Reproduce the listing in full, exactly as written, but without images.

> Data below
* * *

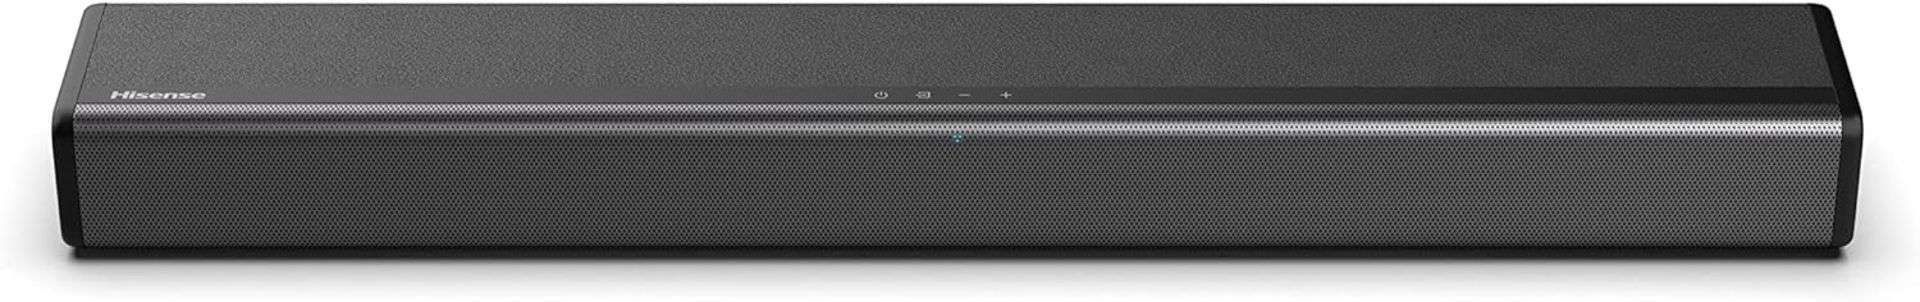 Hisense HS214 2.1Ch All- In-One 108W Soundbar with Built-In Subwoofer, Black, Compact Design, AUX,
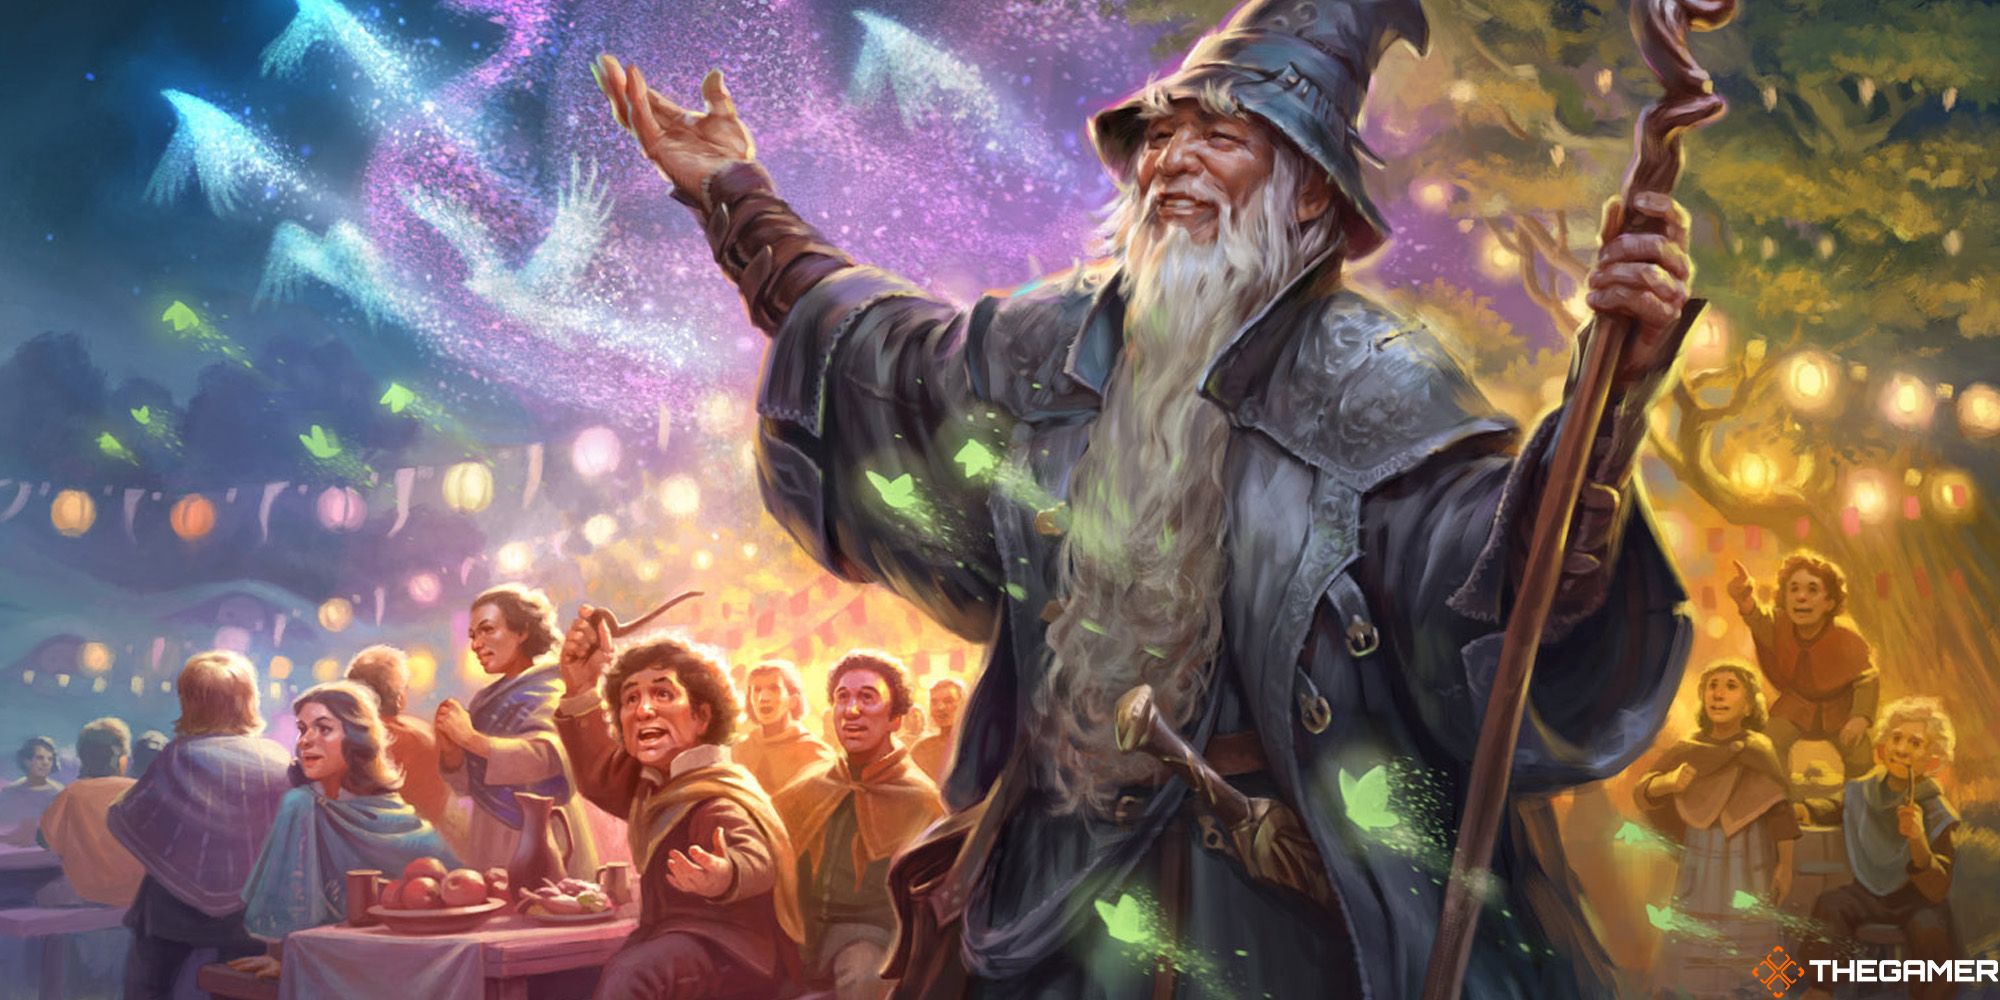 Gandalf and hobbits in key art for Tales of Middle-earth
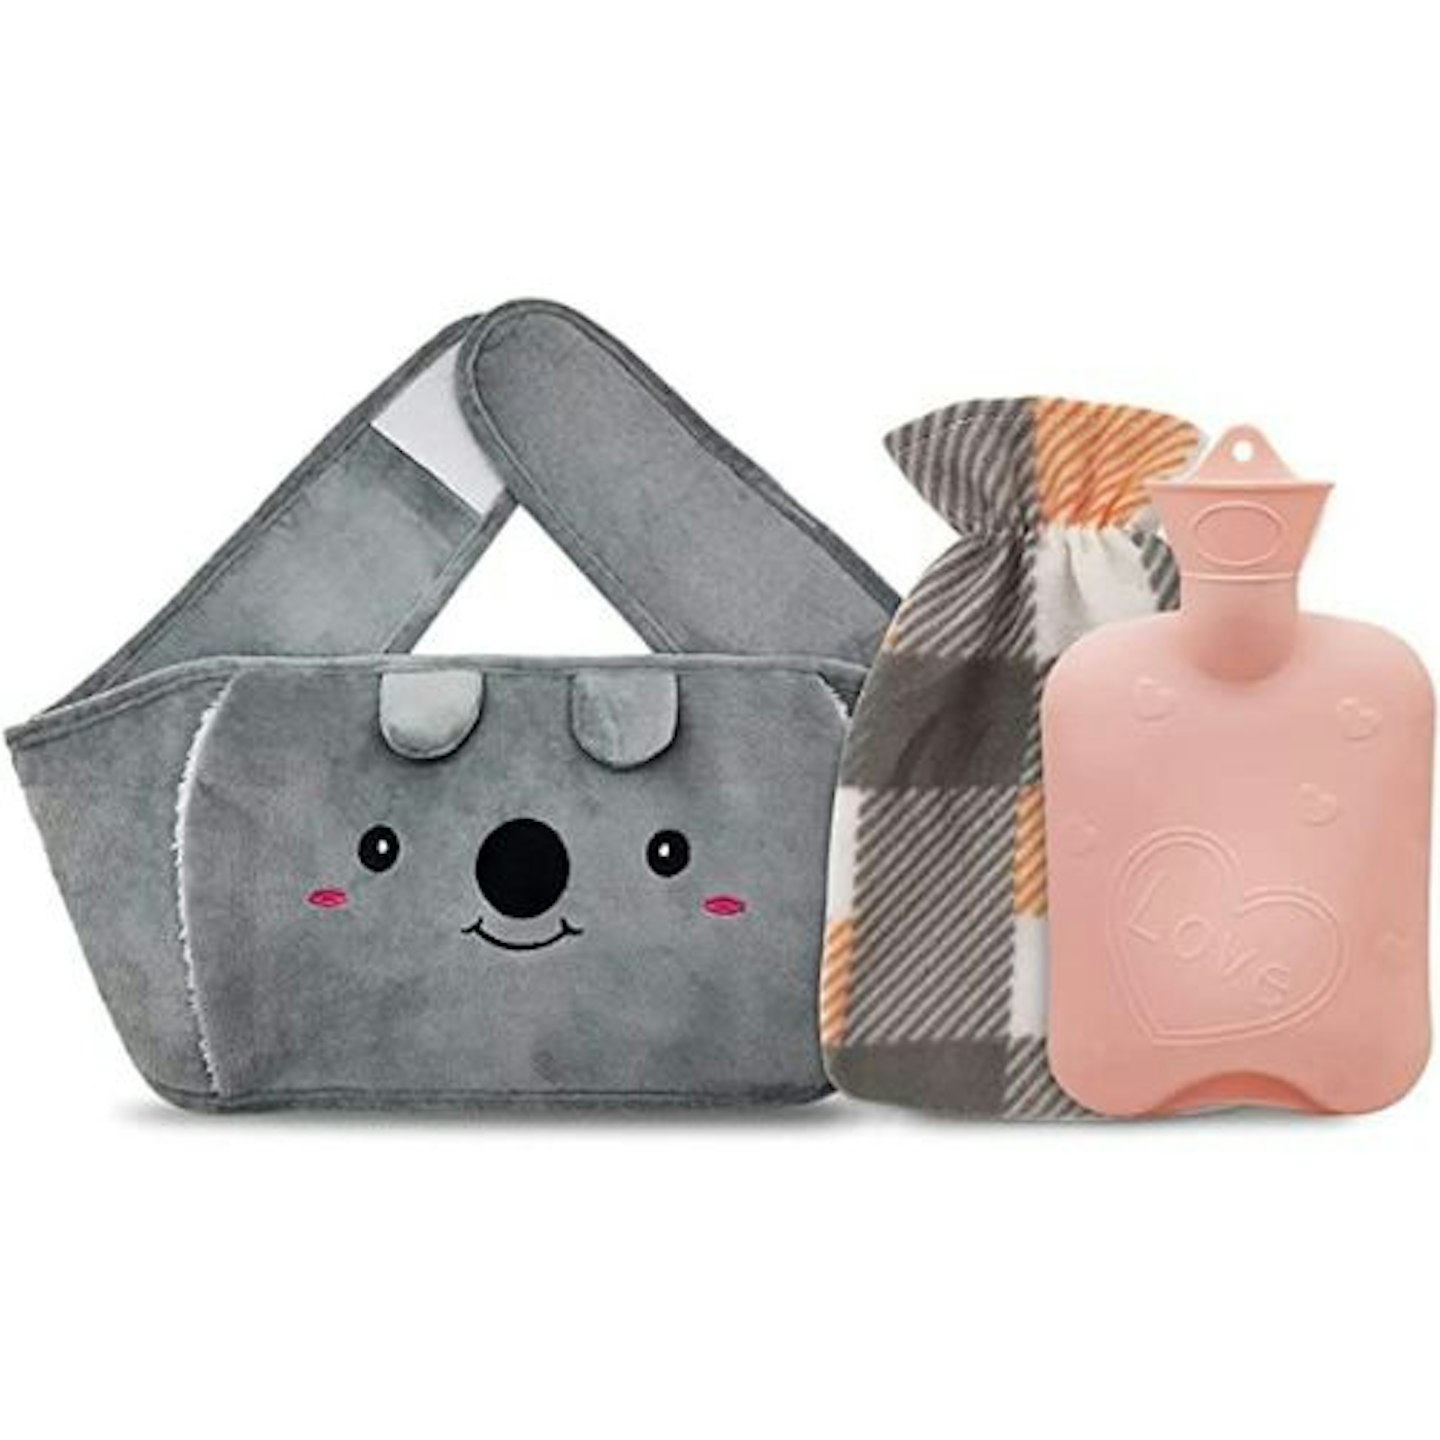 Kids Hot Water Bottle with Novelty Plush Super Soft Cover

* * *

> Your solution
 Hisense HS214 2.1Ch All- In-One 108W Soundbar with Built-In Subwoofer, Black, Compact Design, AUX,
 Gandalf and hobbits in key art for Tales of Middle-earth
 Kids Hot Water Bottle with Novelty Plush Super Soft Cover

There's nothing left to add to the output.